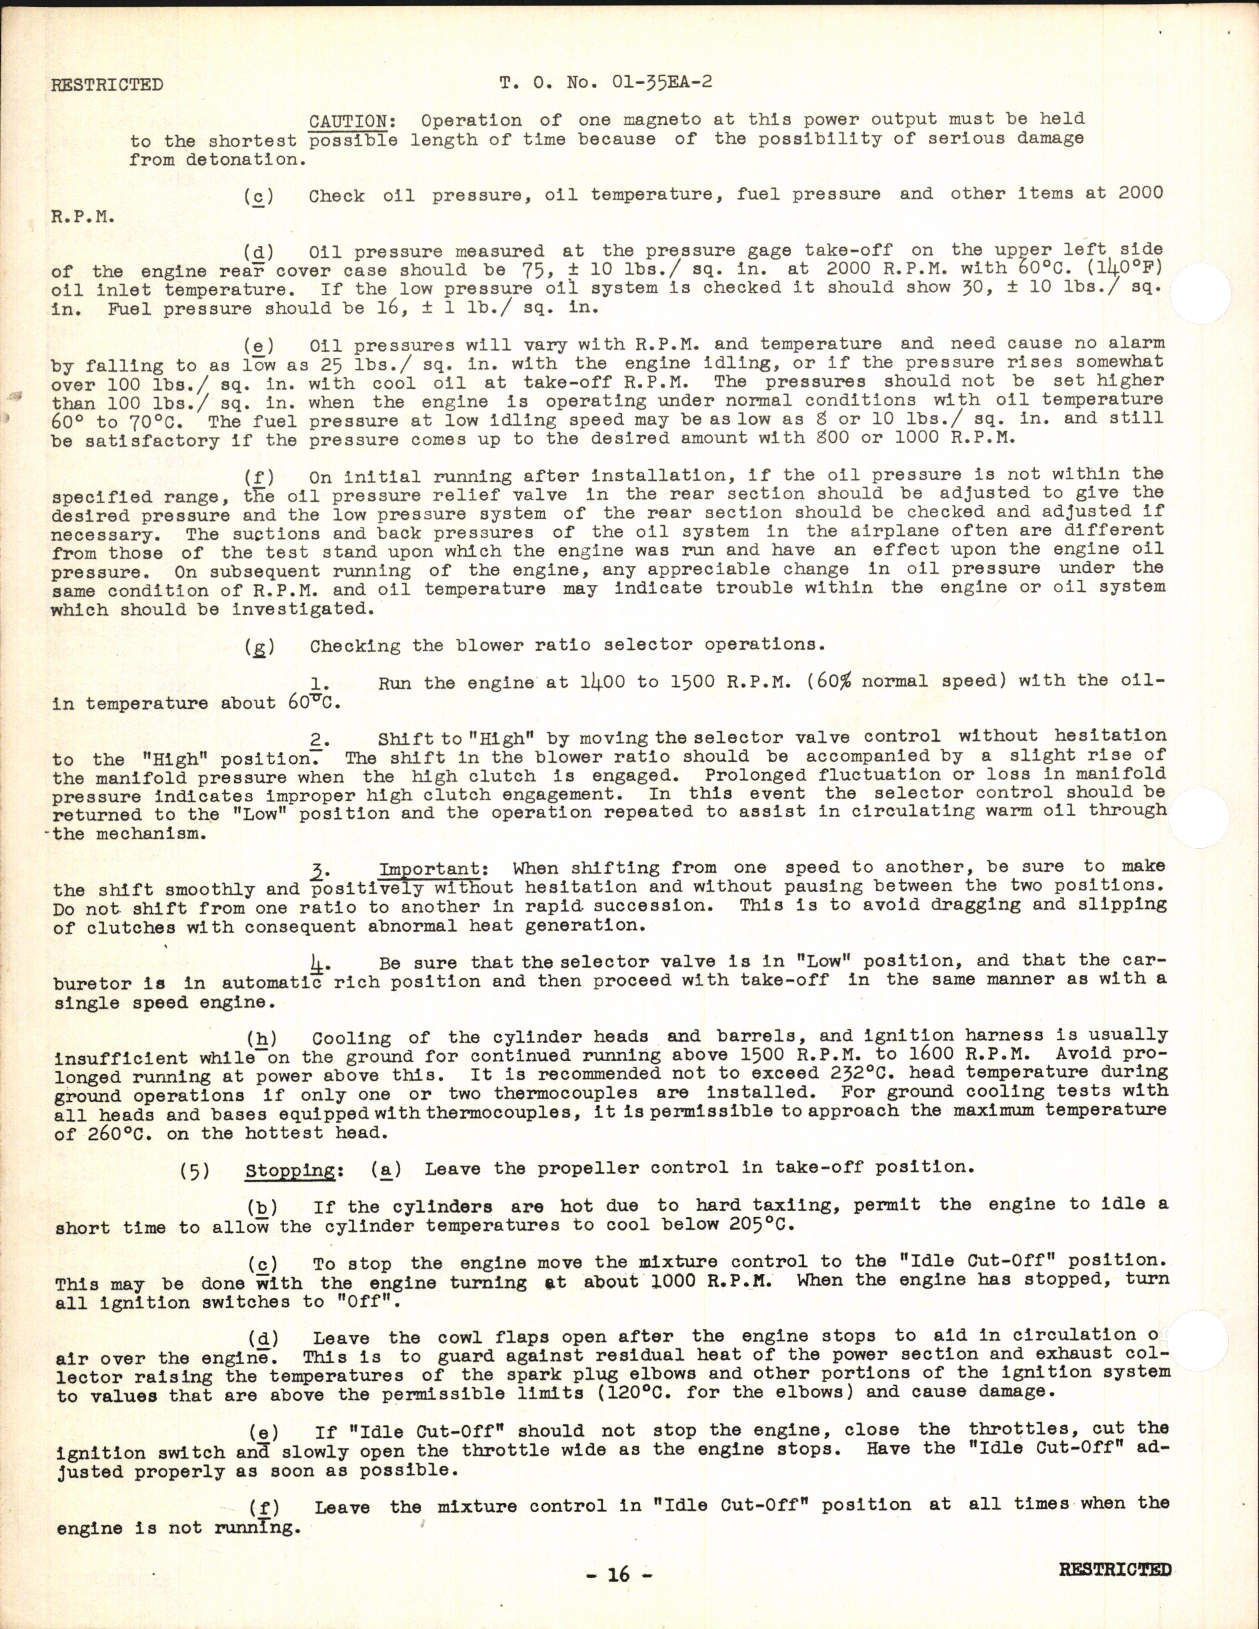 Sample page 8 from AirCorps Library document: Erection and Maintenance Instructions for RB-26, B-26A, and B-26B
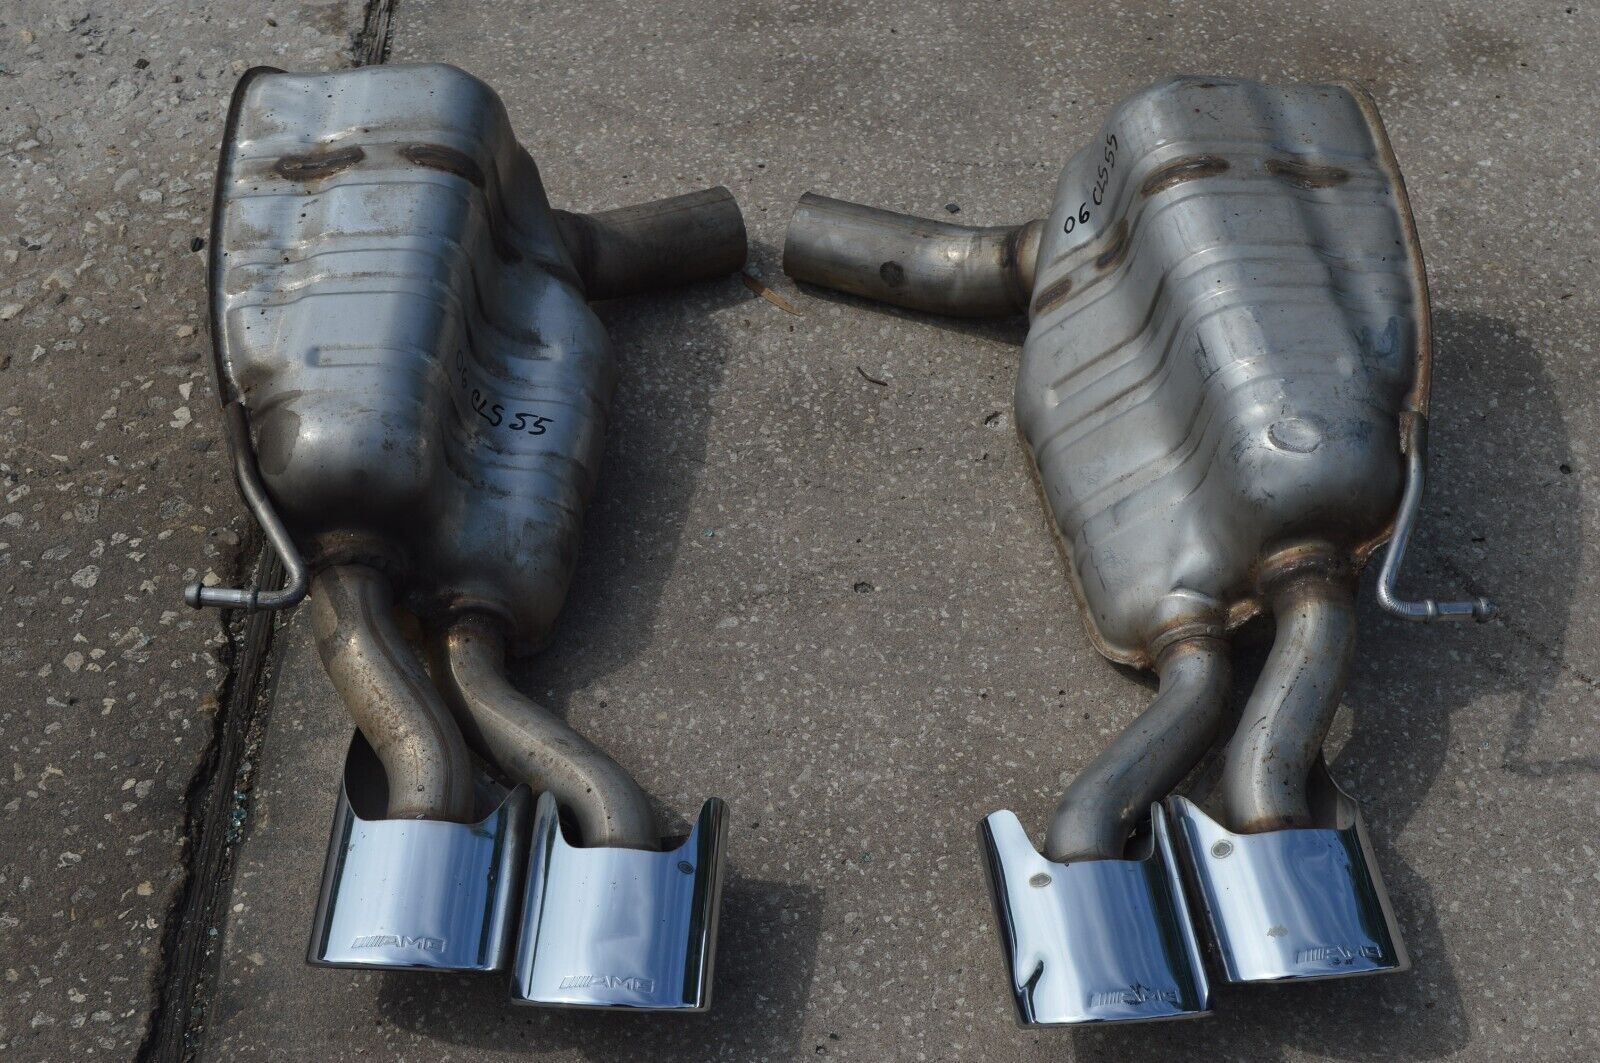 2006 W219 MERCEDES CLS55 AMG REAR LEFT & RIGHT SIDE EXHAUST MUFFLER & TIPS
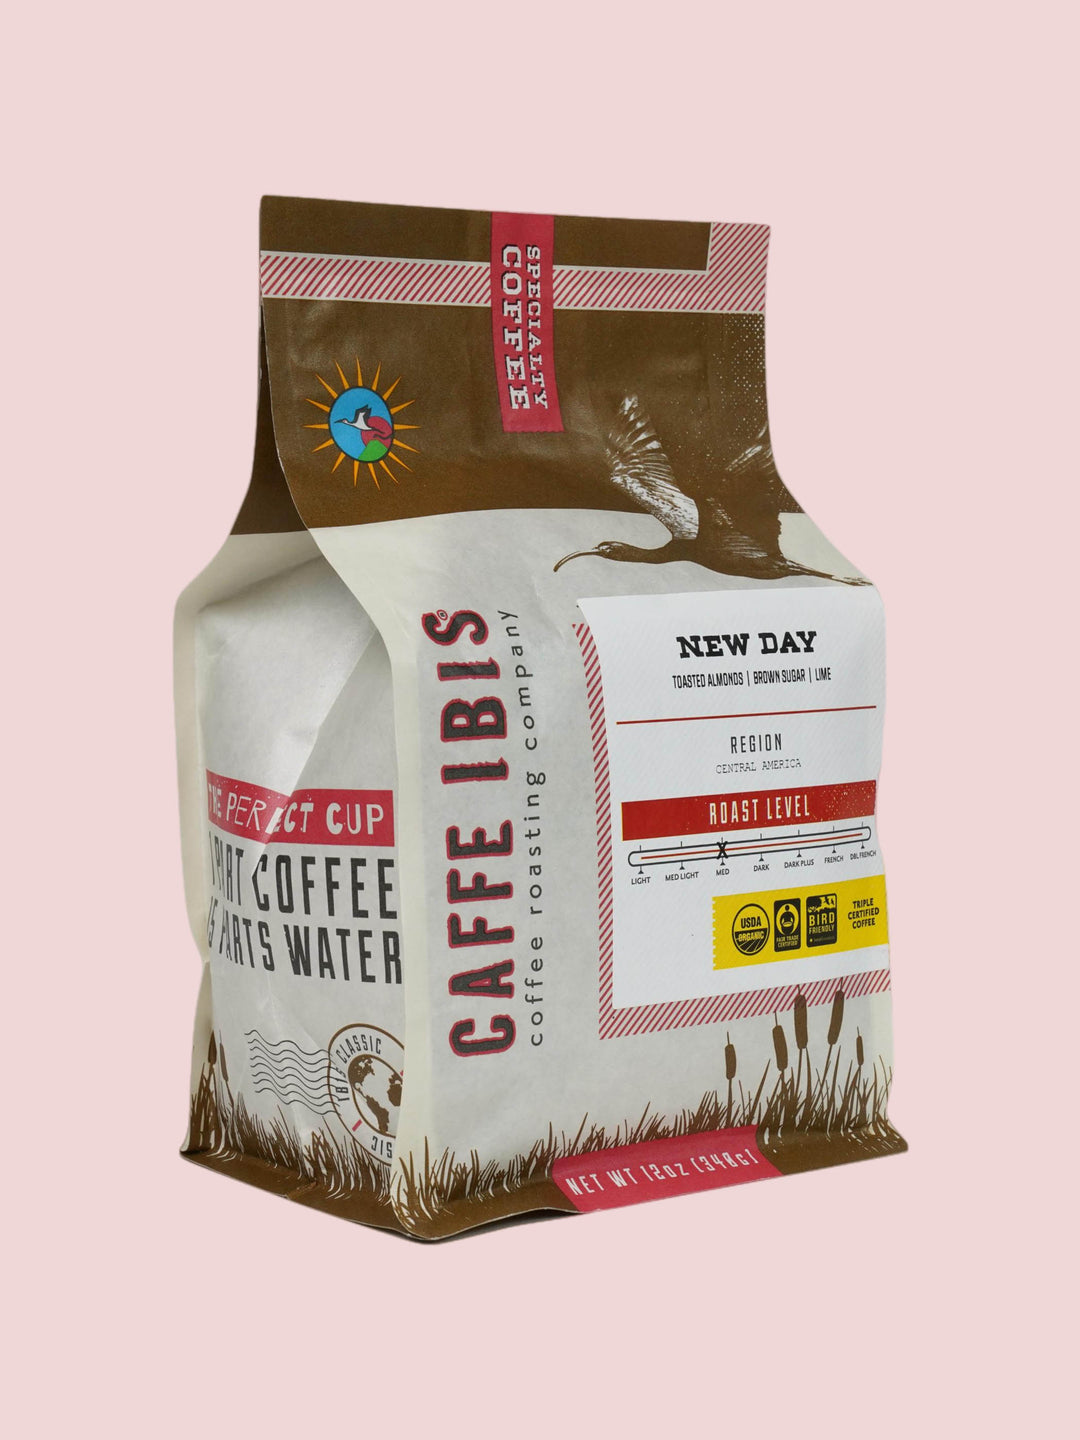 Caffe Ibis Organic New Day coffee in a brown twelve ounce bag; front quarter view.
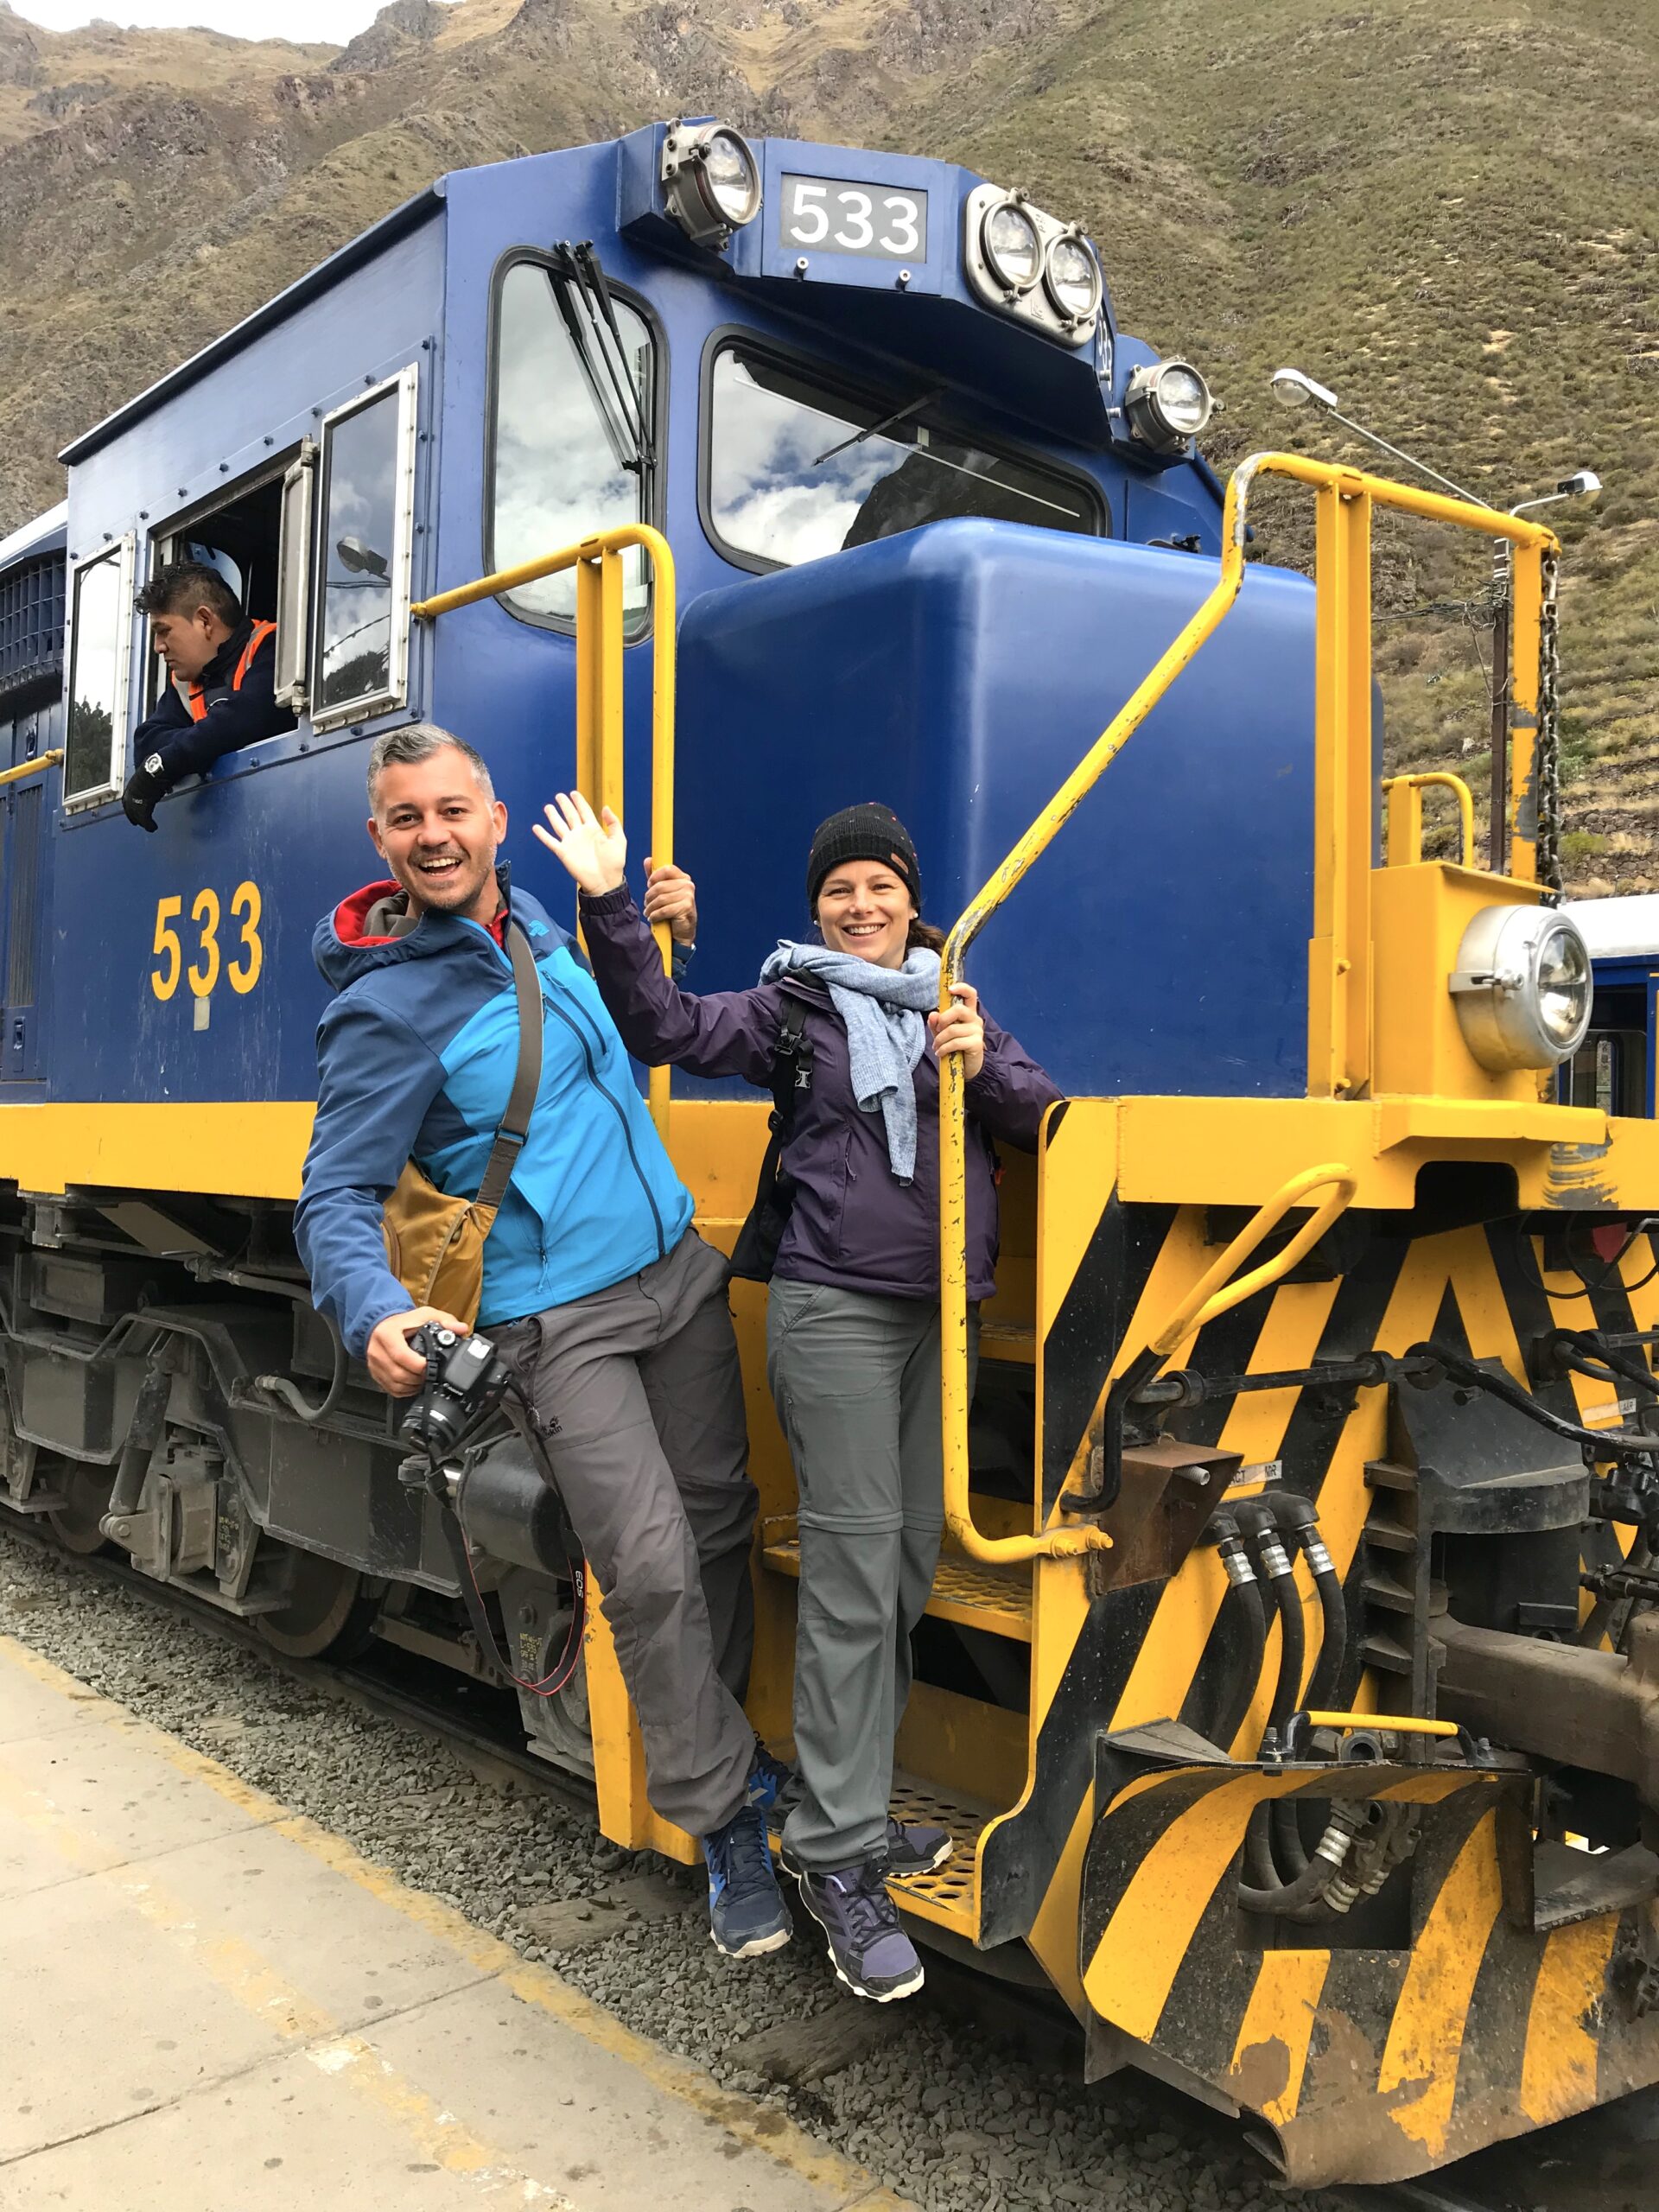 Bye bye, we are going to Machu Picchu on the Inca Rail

_Task statement_: For this exercise, reproduce the data above exactly from the line containing "2006 W219 MERCEDES" through its final line, both ends included, with no pictures in the copy.

_Answer to the exercise_:
 2006 W219 MERCEDES CLS55 AMG REAR LEFT & RIGHT SIDE EXHAUST MUFFLER & TIPS
 Caffe Ibis Organic New Day coffee in a brown twelve ounce bag; front quarter view.
 Bye bye, we are going to Machu Picchu on the Inca Rail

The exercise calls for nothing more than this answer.